По сравнению с летом 1917 г. ключевая формула о «подавлении сопротивления эксплуататоров» модифицируется в сторону предельного ужесточения подавления («беспощадное»), неотвратимости его наступления (по сути дела продекларировано, что по¬давление будет неизбежно осуществляться вне зависимости от того, сопротивляются свергнутые «эксплуататоры» или нет, лояльны они к режиму или нет), а, следовательно, и его превентивного характера (поскольку подавление жестко не увязывается с актом сопротивления, логично следует, что оно может предшествовать самому акту сопротивления). Более того, превентивный характер подавления предполагался в качестве само собой разумеющейся меры, ибо именно та¬кое подавление, наряду с другими взаимосвязанными средствами, способствовало выполнению первой по порядку за¬крепленной в Конституции задачи — «уничтожению всякой эксплуатации человека человеком»[183].

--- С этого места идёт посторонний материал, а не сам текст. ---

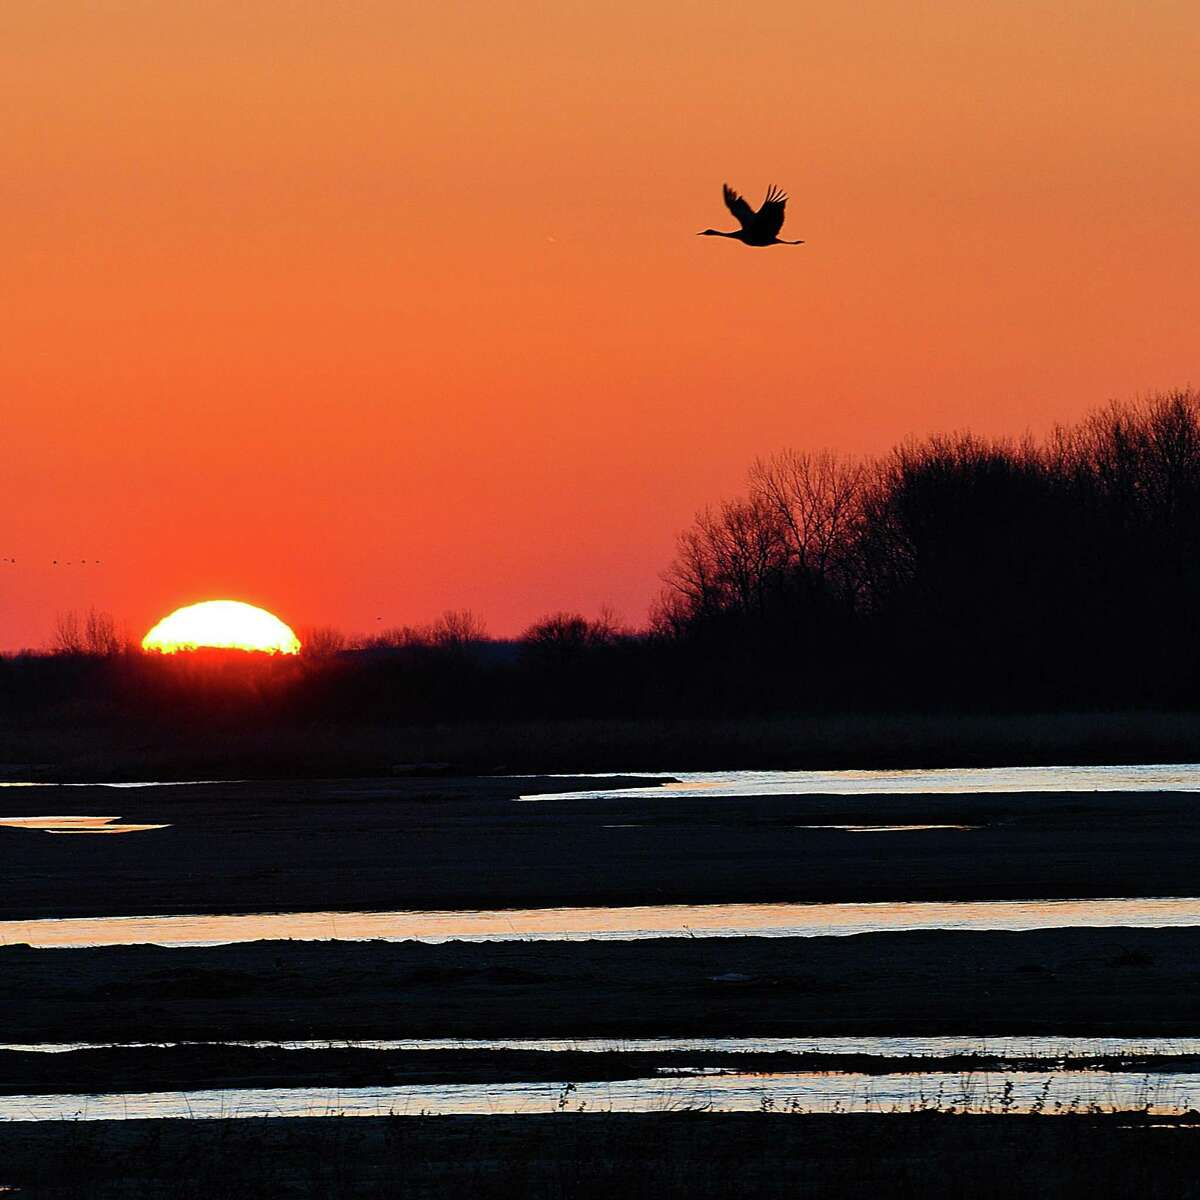 A sandhill crane at sunrise in Nebraska

Могут, правда, возразить, что ключевое слово «подавление» не следует истолковывать лишь как репрессии, насилие, террор. По своему содержанию оно, мол, шире, многозначнее. Но как раз контекст используемой в Конституции РСФСР формулы и сам эпитет — «беспощадное» — подтверждают сказанное нами ранее. А, кроме того, в статье 9 (входящей уже во второй раздел Конституции, принятой в июле 1918 г. вне рамок упомянутой Декларации), в развитие редакции формулы о подавлении статьи 3 и дополнение ее новыми аспектами, ставится задача «полного подавления буржуазии». Понятно, что слово «полное» включает все возможные моменты, в том числе и репрессии, террор[184].

Очевидно также, что в конституционной норме о беспощадном и полном подавлении эксплуататоров мы имеем дело с феноменом идеократии, ибо источником этой нормы является максима марксистской идеологии, ее политической доктрины.

Несколько пространнее (что и понятно) по сравнению с Конституцией, но и корректнее в стилистическом отношении ставятся проблемы ДП (МКПД) в Программе РКП (б): по¬давление сопротивления «эксплуататоров», лишение «эксплуататоров» политических прав и свобод и т. д.

Так, вместо конституционной формулы «подавление эксплуататоров» в Программе восстанавливается классическая марксистская формула «подавление сопротивления эксплуататоров» и соответственно зловещие эпитеты «беспощадное» и «полное» (применительно к подавлению) заменяются более благозвучным — «неуклонное». Конкретнее о характере и масштабе уже развернувшихся вовсю на территориях, контролируемых большевиками, насилии, репрессиях, терроре по отношению к эксплуататорам в Программе не говорится. Хотя большевистская практика красного террора (как, впрочем, и белого) к марту 1919 г. уже явно преступила все допустимые границы, которые должны все же существовать, даже в условиях гражданской войны, для партии, строящей самое справедливое, свободное и гуманное общество.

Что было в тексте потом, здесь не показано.